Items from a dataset
* * * * *

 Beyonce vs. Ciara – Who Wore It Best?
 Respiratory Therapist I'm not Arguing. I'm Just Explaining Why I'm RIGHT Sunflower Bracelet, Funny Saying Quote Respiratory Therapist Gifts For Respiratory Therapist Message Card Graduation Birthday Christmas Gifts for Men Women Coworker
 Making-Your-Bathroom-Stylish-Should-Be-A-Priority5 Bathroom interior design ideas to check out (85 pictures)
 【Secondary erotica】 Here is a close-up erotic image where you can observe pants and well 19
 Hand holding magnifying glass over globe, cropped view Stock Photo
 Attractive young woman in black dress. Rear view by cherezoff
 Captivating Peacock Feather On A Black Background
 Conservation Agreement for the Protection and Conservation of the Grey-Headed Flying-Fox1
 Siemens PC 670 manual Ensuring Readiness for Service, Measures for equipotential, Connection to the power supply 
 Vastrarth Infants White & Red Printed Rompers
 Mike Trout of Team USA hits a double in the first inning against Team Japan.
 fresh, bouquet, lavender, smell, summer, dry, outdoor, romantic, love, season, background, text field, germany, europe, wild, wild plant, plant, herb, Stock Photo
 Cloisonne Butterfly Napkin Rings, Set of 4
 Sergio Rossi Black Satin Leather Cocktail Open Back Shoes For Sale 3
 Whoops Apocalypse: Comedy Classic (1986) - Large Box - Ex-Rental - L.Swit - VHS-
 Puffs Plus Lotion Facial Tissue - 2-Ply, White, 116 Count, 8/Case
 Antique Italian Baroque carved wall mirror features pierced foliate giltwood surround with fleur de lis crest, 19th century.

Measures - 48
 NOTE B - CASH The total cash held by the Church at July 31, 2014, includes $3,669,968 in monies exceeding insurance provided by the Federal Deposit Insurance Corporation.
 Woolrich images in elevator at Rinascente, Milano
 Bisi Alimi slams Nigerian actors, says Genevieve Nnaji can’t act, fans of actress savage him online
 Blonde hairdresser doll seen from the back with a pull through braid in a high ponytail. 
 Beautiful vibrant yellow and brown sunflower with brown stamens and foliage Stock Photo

* * * * *

Output each entry exactly as written, leaving none out.

 Beyonce vs. Ciara – Who Wore It Best?
 Respiratory Therapist I'm not Arguing. I'm Just Explaining Why I'm RIGHT Sunflower Bracelet, Funny Saying Quote Respiratory Therapist Gifts For Respiratory Therapist Message Card Graduation Birthday Christmas Gifts for Men Women Coworker
 Making-Your-Bathroom-Stylish-Should-Be-A-Priority5 Bathroom interior design ideas to check out (85 pictures)
 【Secondary erotica】 Here is a close-up erotic image where you can observe pants and well 19
 Hand holding magnifying glass over globe, cropped view Stock Photo
 Attractive young woman in black dress. Rear view by cherezoff
 Captivating Peacock Feather On A Black Background
 Conservation Agreement for the Protection and Conservation of the Grey-Headed Flying-Fox1
 Siemens PC 670 manual Ensuring Readiness for Service, Measures for equipotential, Connection to the power supply 
 Vastrarth Infants White & Red Printed Rompers
 Mike Trout of Team USA hits a double in the first inning against Team Japan.
 fresh, bouquet, lavender, smell, summer, dry, outdoor, romantic, love, season, background, text field, germany, europe, wild, wild plant, plant, herb, Stock Photo
 Cloisonne Butterfly Napkin Rings, Set of 4
 Sergio Rossi Black Satin Leather Cocktail Open Back Shoes For Sale 3
 Whoops Apocalypse: Comedy Classic (1986) - Large Box - Ex-Rental - L.Swit - VHS-
 Puffs Plus Lotion Facial Tissue - 2-Ply, White, 116 Count, 8/Case
 Antique Italian Baroque carved wall mirror features pierced foliate giltwood surround with fleur de lis crest, 19th century.

Measures - 48
 NOTE B - CASH The total cash held by the Church at July 31, 2014, includes $3,669,968 in monies exceeding insurance provided by the Federal Deposit Insurance Corporation.
 Woolrich images in elevator at Rinascente, Milano
 Bisi Alimi slams Nigerian actors, says Genevieve Nnaji can’t act, fans of actress savage him online
 Blonde hairdresser doll seen from the back with a pull through braid in a high ponytail. 
 Beautiful vibrant yellow and brown sunflower with brown stamens and foliage Stock Photo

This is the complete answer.